- Born: Arseny Tarasevich-Nikolaev 21 February 1993 (age 32) Moscow, Russia
- Occupation: Pianist
- Years active: (2000 – present)
- Website: arsenytarasevichnikolaev.com

= Arseny Tarasevich-Nikolaev =

Russian concert pianist (born 1993)

Arseny Tarasevich-Nikolaev (Арсений Тарасевич-Николаев; born 21 February 1993) is a Russian concert pianist, born in Moscow. Tarasevich-Nikolaev's grandmother was Tatiana Nikolaeva. He began piano studies at age four. His public debut was at age nine, with the Bryansk City Chamber Orchestra. From 2000 to 2011, he studied at the Central School of Music of the Moscow State Tchaikovsky Conservatoire, where his teachers included Alexander Mndoyants. In 2011, he entered the Moscow Conservatory, and continued his piano studies with Nikolai Lugansky, Sergey Dorensky, Andrey Pisarev and Pavel Nersessian.

== Prizes and awards ==
Tarasevich-Nikolaev has received several piano competition prizes. These include:
- 1st Prize, 'Le Muse' Piano Competition in Italy (2003)
- Grand Prix, International Piano Competition in Kaliningrad (2005)
- 1st Prize, Rovere d’Oro Prize International Instrumental and Vocal Competition (2008)
- 1st Prize, 'New Names' Competition in Moscow (2008)
- 1st Prize, 5th Scriabin Piano Competition (2012)

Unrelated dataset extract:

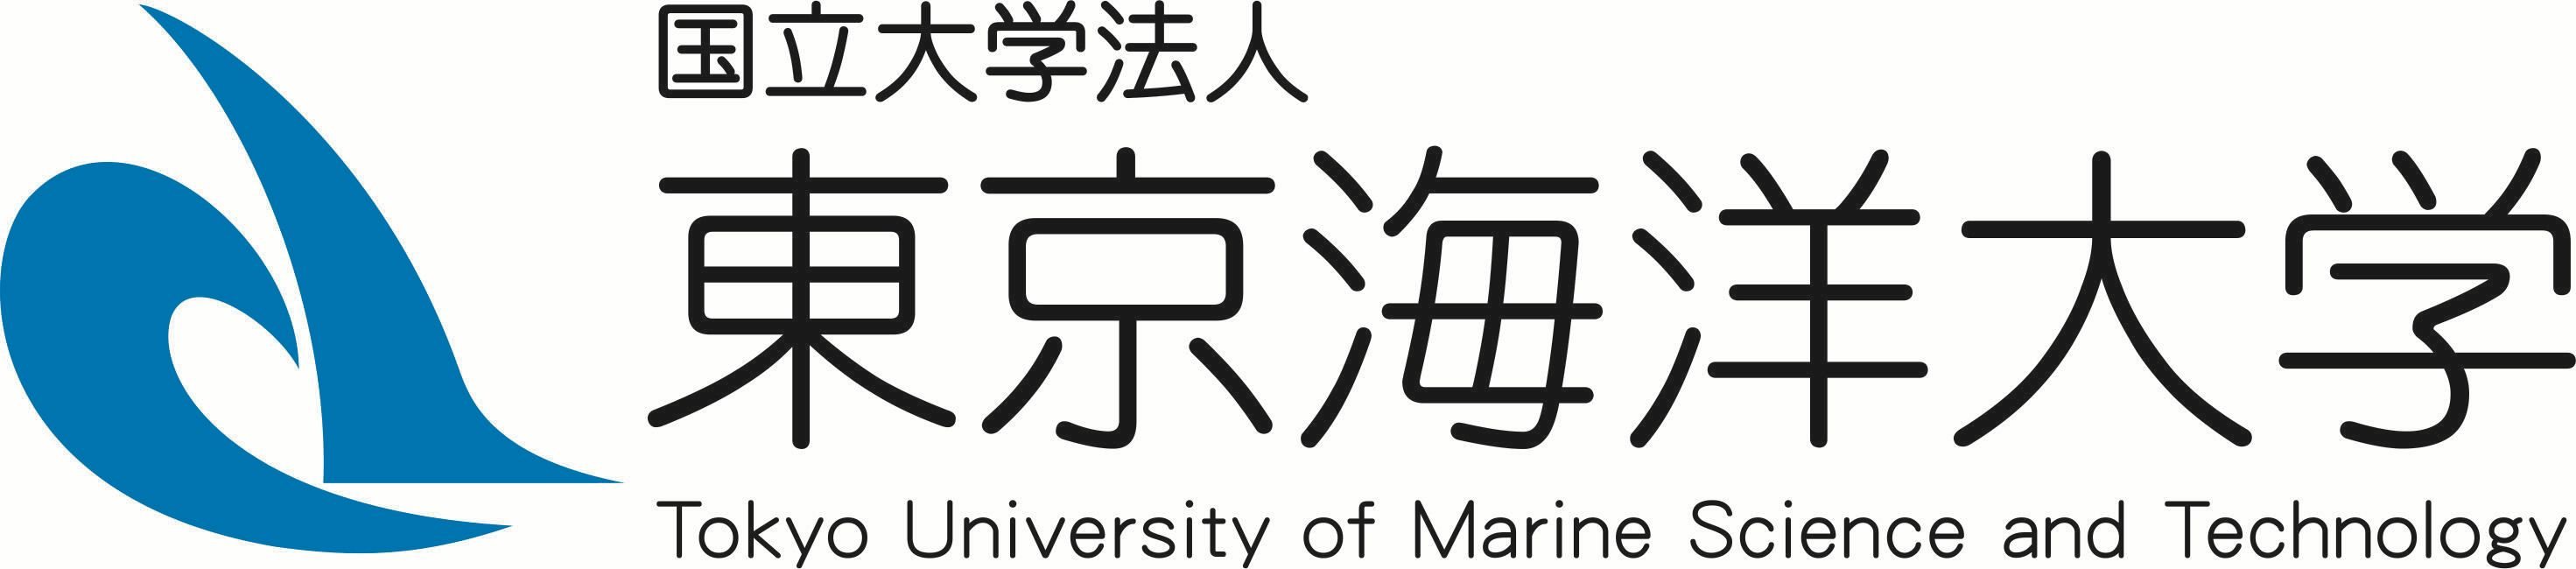 tokyo-university-of-marine-science-and-technology-31500962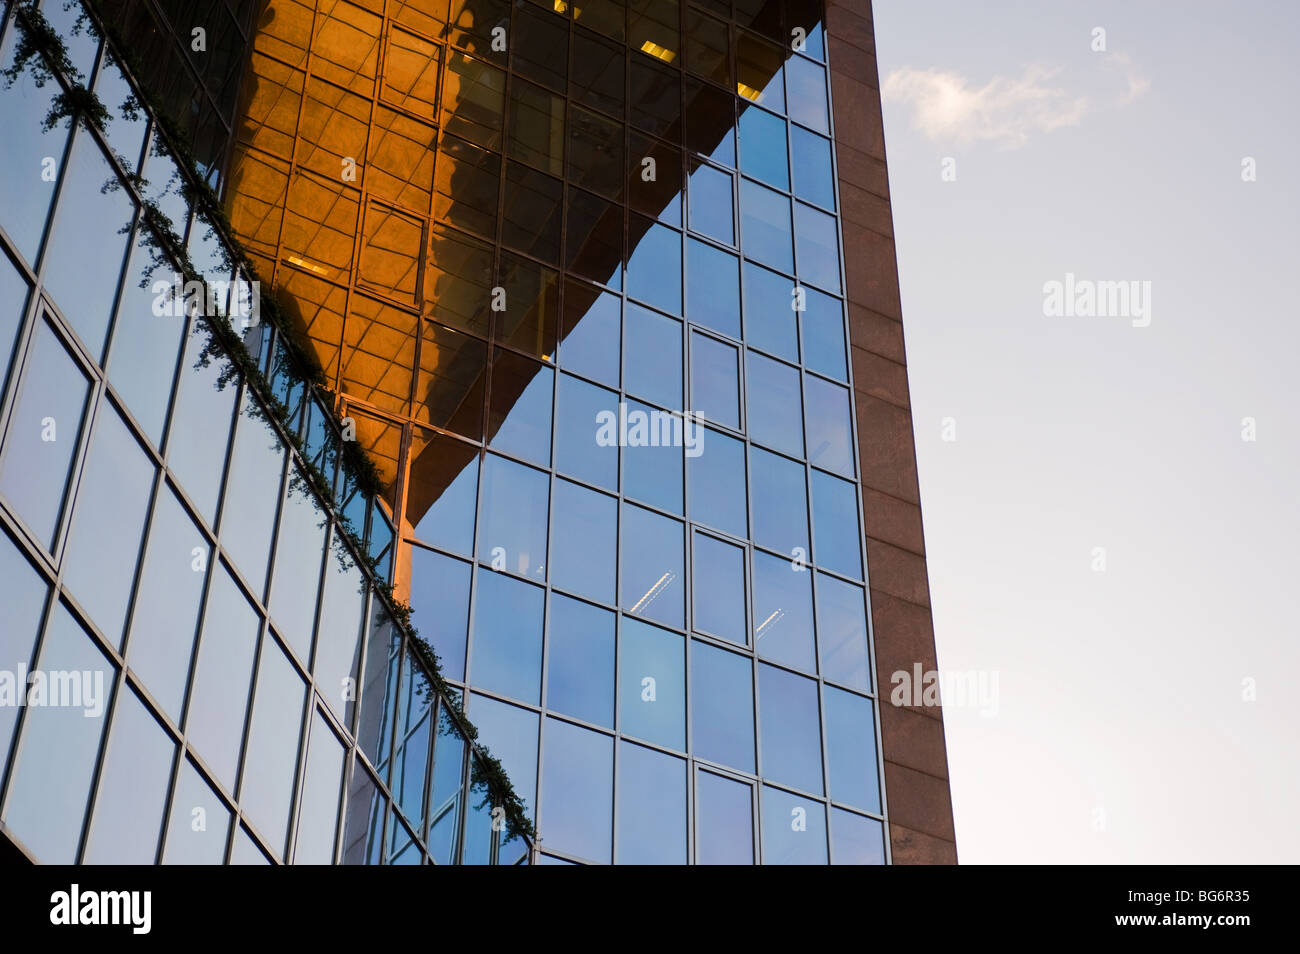 Reflections in the glass walls of a modern office block in London.  Photo by Gordon Scammell Stock Photo

In 2013, Tarasevich-Nikolaev won 2nd prize, and a special prize, at the Cleveland International Piano Competition. In 2014, he took 2nd prize at the International Edvard Grieg Piano Competition in Bergen.

In 2015, Tarasevich-Nikolaev recorded his debut disc, featuring works by Debussy and Ravel, for the Acousence label. In 2016, he won 2nd prize at the Sydney International Piano Competition. His performance at the Sydney competition led to a joint recording contract arrangement with Tarasevich-Nikolaev by Decca Classics and Universal Music Australia.